The Battle of Saragarhi is considered one of the finest last stands in the military history of the world. Twenty-one soldiers were pitted against over 8,000 Afridi and Orakzai tribals but they managed to hold the fort for seven hours. Though heavily outnumbered, the soldiers of 36th Sikhs (now 4 Sikh), led by Havildar Ishar Singh, fought till their last breath, killing 200 tribals and injuring 600.

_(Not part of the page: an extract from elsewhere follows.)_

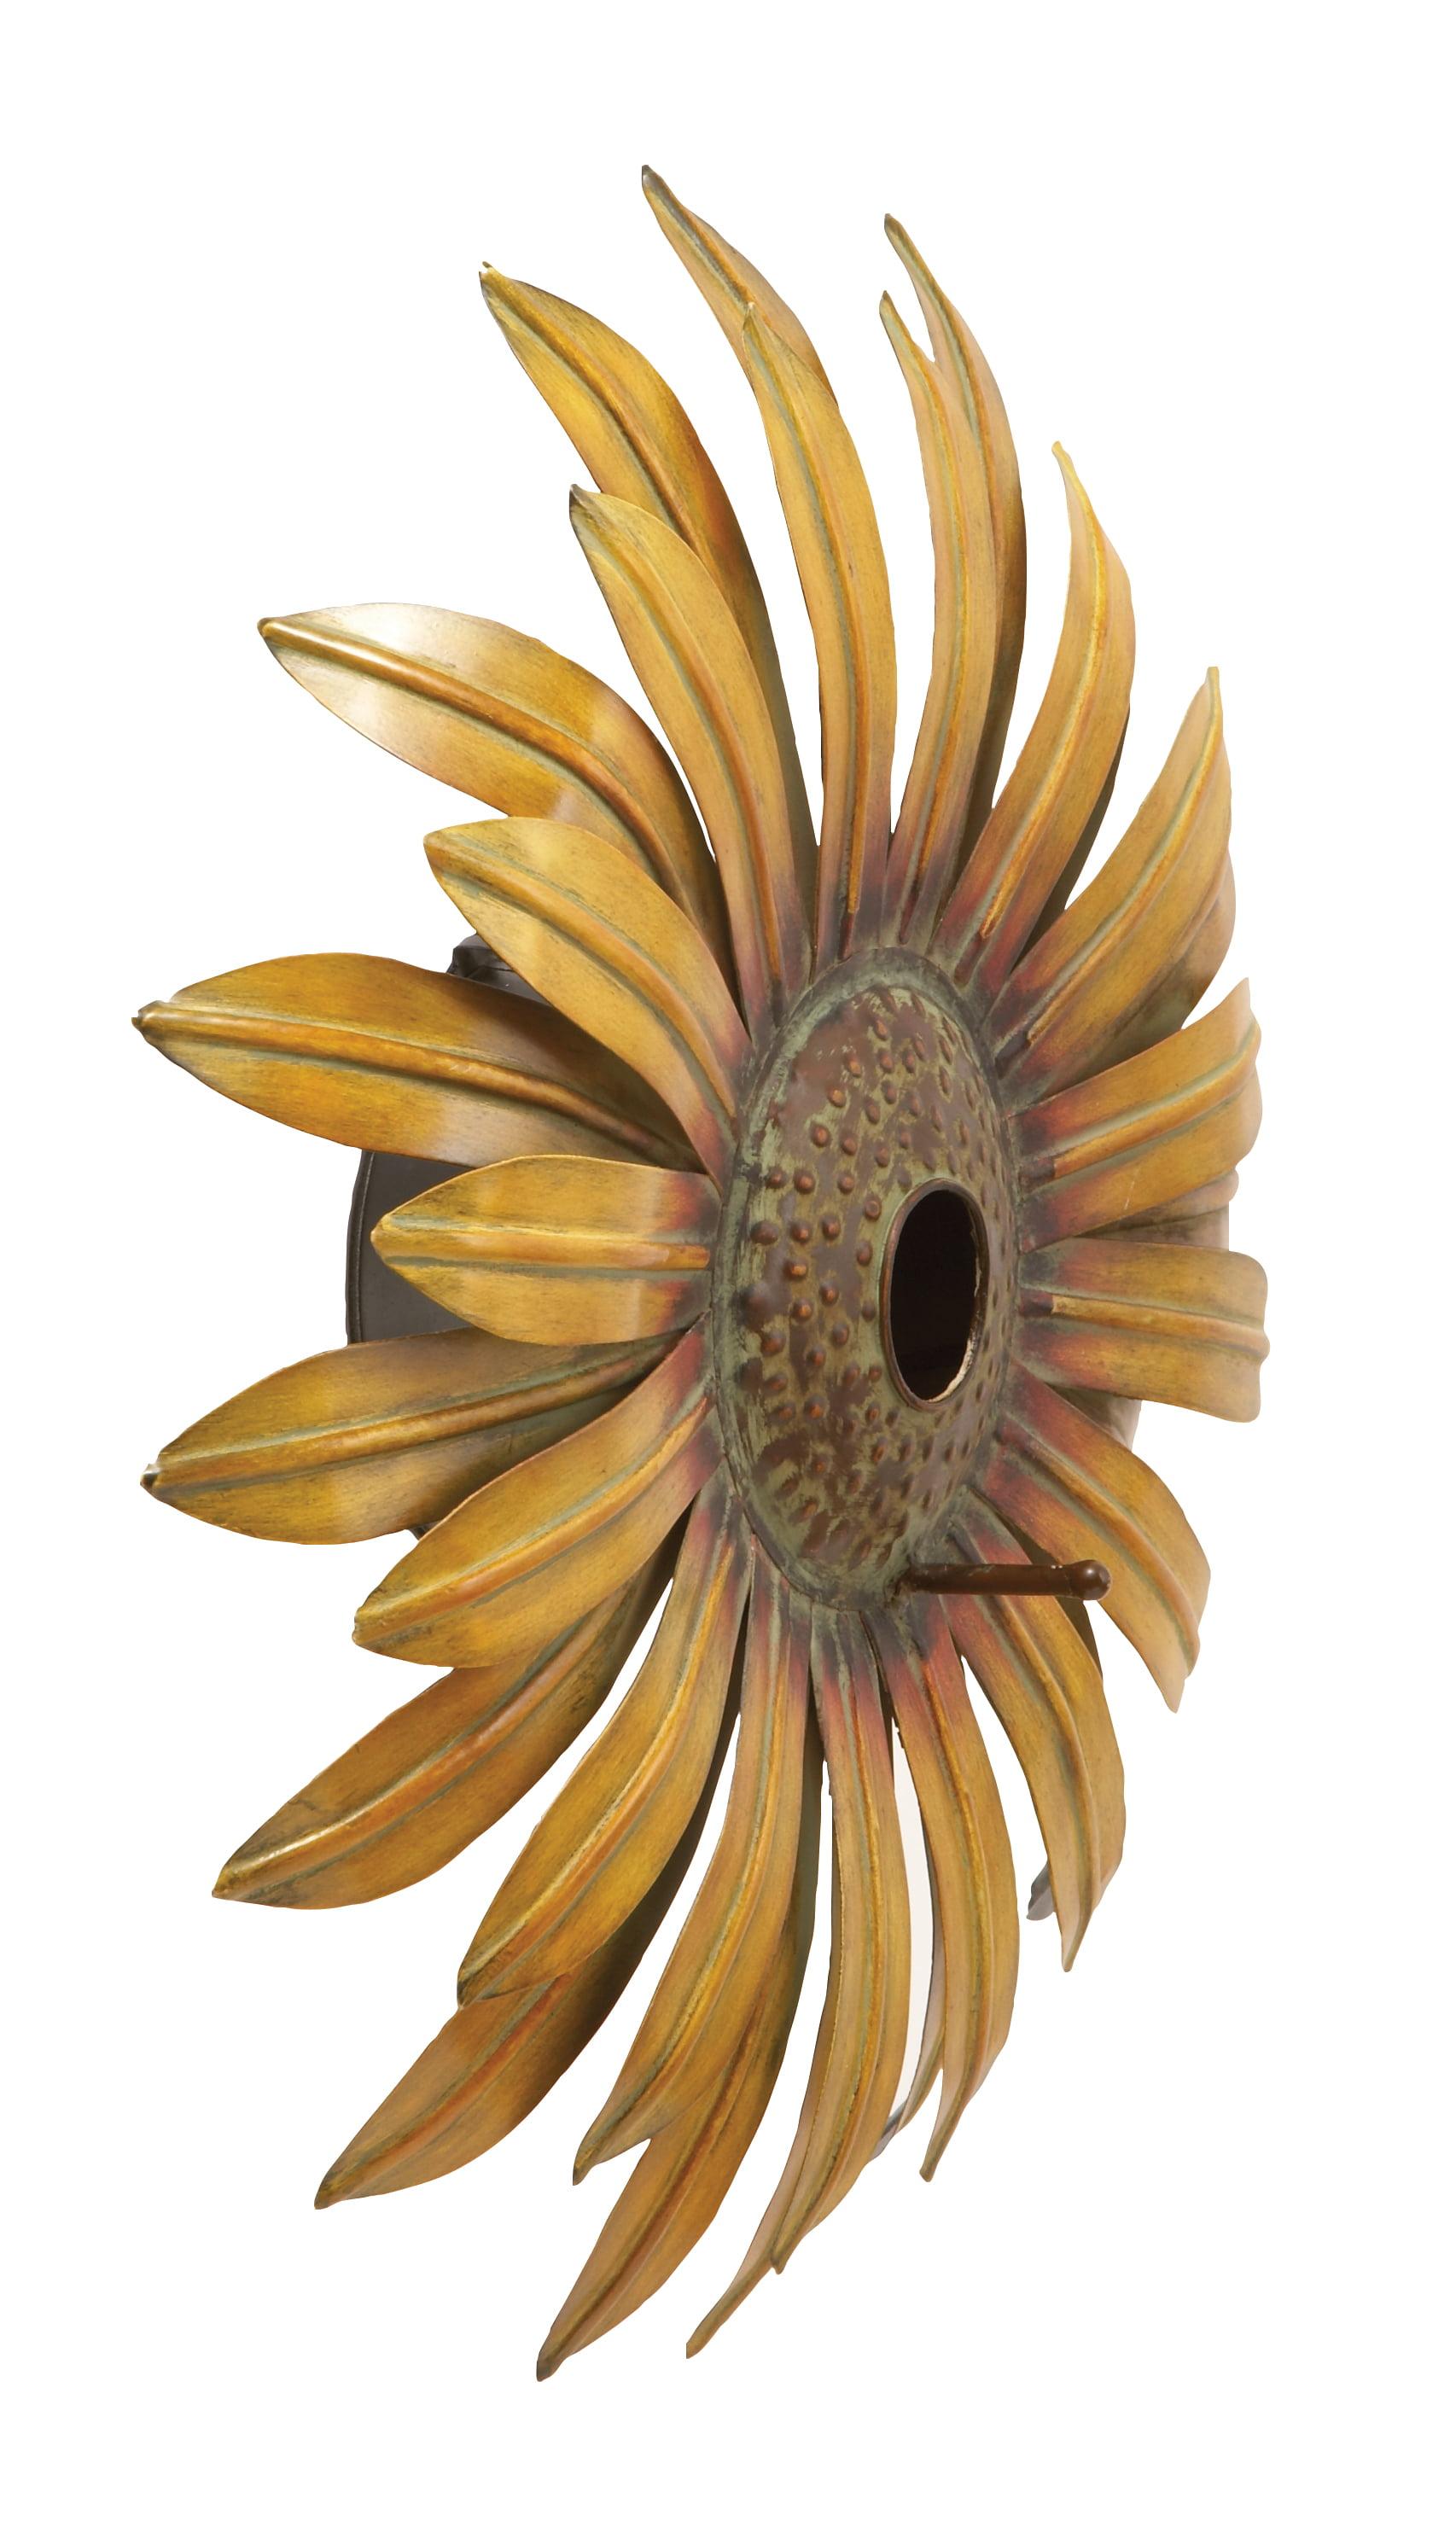 Decmode 16 Inch Modern Yellow Iron Sunflower Birdhouse, Brass Yellow by DecMode

In his book The 36th Sikhs in the Tirah Campaign 1897-98 – Saragarhi and the defence of the Samana forts, Punjab Chief Minister and military historian Capt Amarinder Singh writes that at the very outset of the battle, these soldiers knew they were looking at certain death but they did not flinch. “They could have surrendered, yet they didn’t and displayed unparalleled bravery.”

What was Saragarhi, and why was it important?

Saragarhi was the communication tower between Fort Lockhart and Fort Gulistan. The two forts in the rugged North West Frontier Province (NWFP), now in Pakistan. were built by Maharaja Ranjit Singh but renamed by the British. Though Saragarhi was usually manned by a platoon of 40 soldiers, on that fateful day, it was being held by only 21 soldiers from 36th Sikh (now 4 Sikh) and a non-combatant called Daad, a Pashtun who did odd jobs for the troops.

Saragarhi helped to link up the two important forts which housed a large number of British troops in the rugged terrain of NWFP.

Fort Lockhart was also home to families of British officers. The wife of the commanding officer of 36th Sikh, Lt Col John Haughton, was at the fort till May 1897 when she went home to deliver a baby.

Battle of Saragarhi: What transpired on that day?

Around 9 am that day, the sentry at Saragarhi saw a thick haze of dust and soon realised that it was caused by a large army of tribals marching towards the fort. He estimated their number between 8,000 and 15,000.

The tribals wanted to isolate the two forts by cutting off the lines of communication between them.

Within minutes of sighting the tribal army, Sepoy Gurmukh Singh, 23, sent a message through the Morse code to commanding officer Lt Col Houghton, saying, “Enemy approaching the main gate…need reinforcement.”

Unfortunately, the Pathans had cut the supply route between Fort Lockhart and Saragarhi. Houghton radioed back, “Unable to breakthrough, hold position.” Sepoy Gurmukh Singh conveyed this message to platoon commander Havildar Ishar Singh. Fully aware of the consequences, the braveheart responded with a stoic, “Understood.”

Capt Amarinder says, “The soldiers at Saragarhi knew it was their last day, yet they didn’t flinch.”